Phil and Heidi send out their weekly song — it’s fun to picture where that music gets listened to in those homes. “Some people tell us they listen to right away when it arrives on Saturday. Others say they play it on Sunday morning over a cup of coffee during the time they’d normally be at church. A few tell us it becomes dinner background music. Some selections can be soothing before bedtime. Much depends on what the song is that week.”
Different songs, different moods, and all helpful during recent times that have been so stressful for so many, for what seems like so long.
“Music has the power to touch people, to take us to happy places in our memories, where cares are eased and burdens are lightened,” Phil says. “We all need some tranquility these days. The pandemic has been hard on people.”
Heidi agrees. “We need to find things to look forward to right now,” she says. “The music we share is multigenerational and apolitical. That’s important, too.”
The Dybings both bring much experience and teamwork to their weekly task. Heidi has been playing piano her whole life, learning as a child from her mother, Beatrice Burmeister, who gave lessons locally and taught music at Lanesboro Schools for 35 years. Heidi went on to play at church, was musical director at the “Over the Back Fence” radio show for 25 years, and has been an accompanist for local musicians such as “Sister Luv.” Phil has had a successful recording background (one of his CD productions years ago was highlighted in Billboard Magazine), and regularly works as the “sound man” for many local shows and events, including the Stand Still Parade, the Rhubarb Festival, Over the Back Fence, and for groups like the Rutabaga Brothers. “We’ve also produced six CDs of Heidi’s piano instrumentals over the years,” Phil says. “We’re considering creating another CD with this recent music we’ve recorded.”

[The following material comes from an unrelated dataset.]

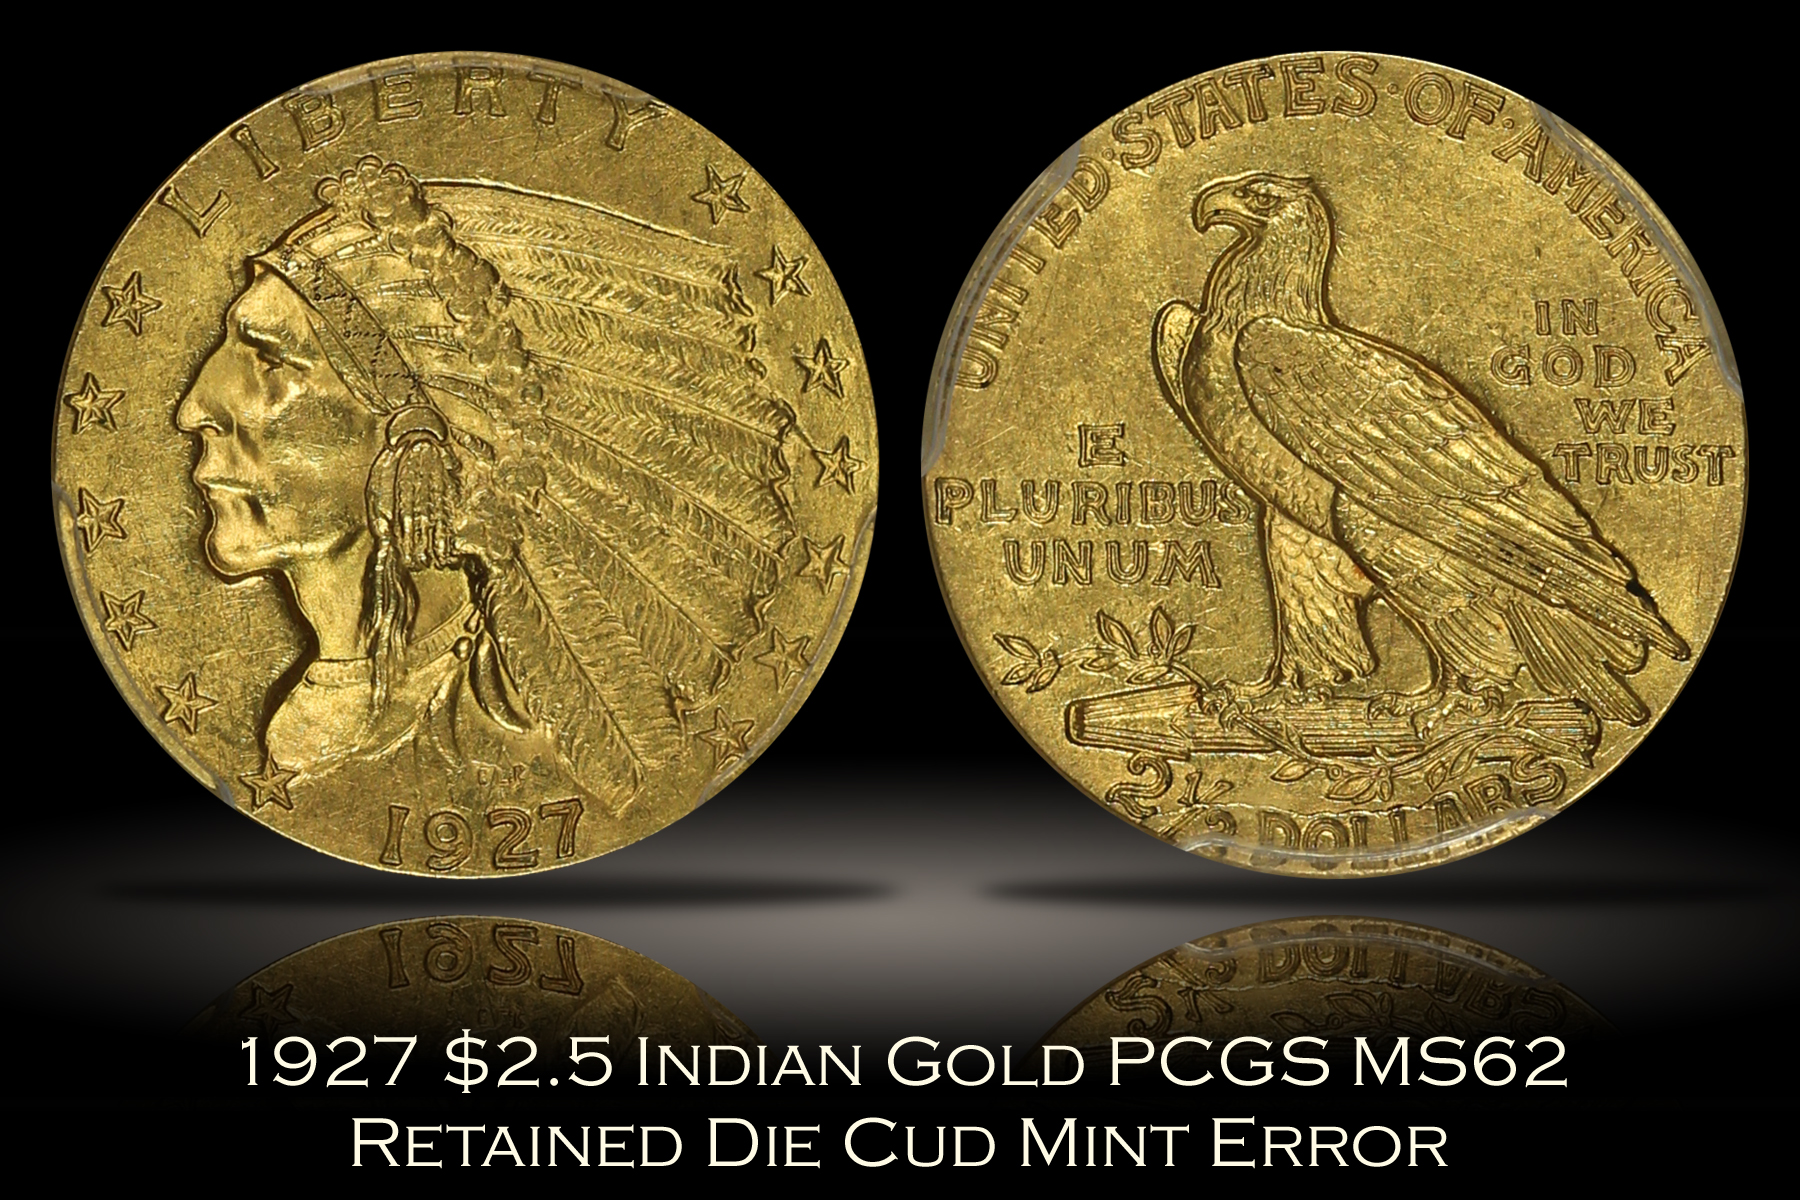 1927 $2.5 Indian Gold PCGS MS62 Retained Die Cud Error

You can tell that their most recent project is a labor of love. “This is something we can do together as a couple,” says Heidi. “It keeps our hobbies fresh. It also keeps me playing piano regularly, which I probably wouldn’t be doing right now without this. Most important, people are enjoying it. All of it fits together very nicely.”
How long will you keep doing it? “Indefinitely,” Phil answers enthusiastically. “We don’t see an end in sight. It doesn’t cost anything, other than our time. We’re happy to do this.”
The tree fell. The music played. There was sound. And beautiful music to enjoy.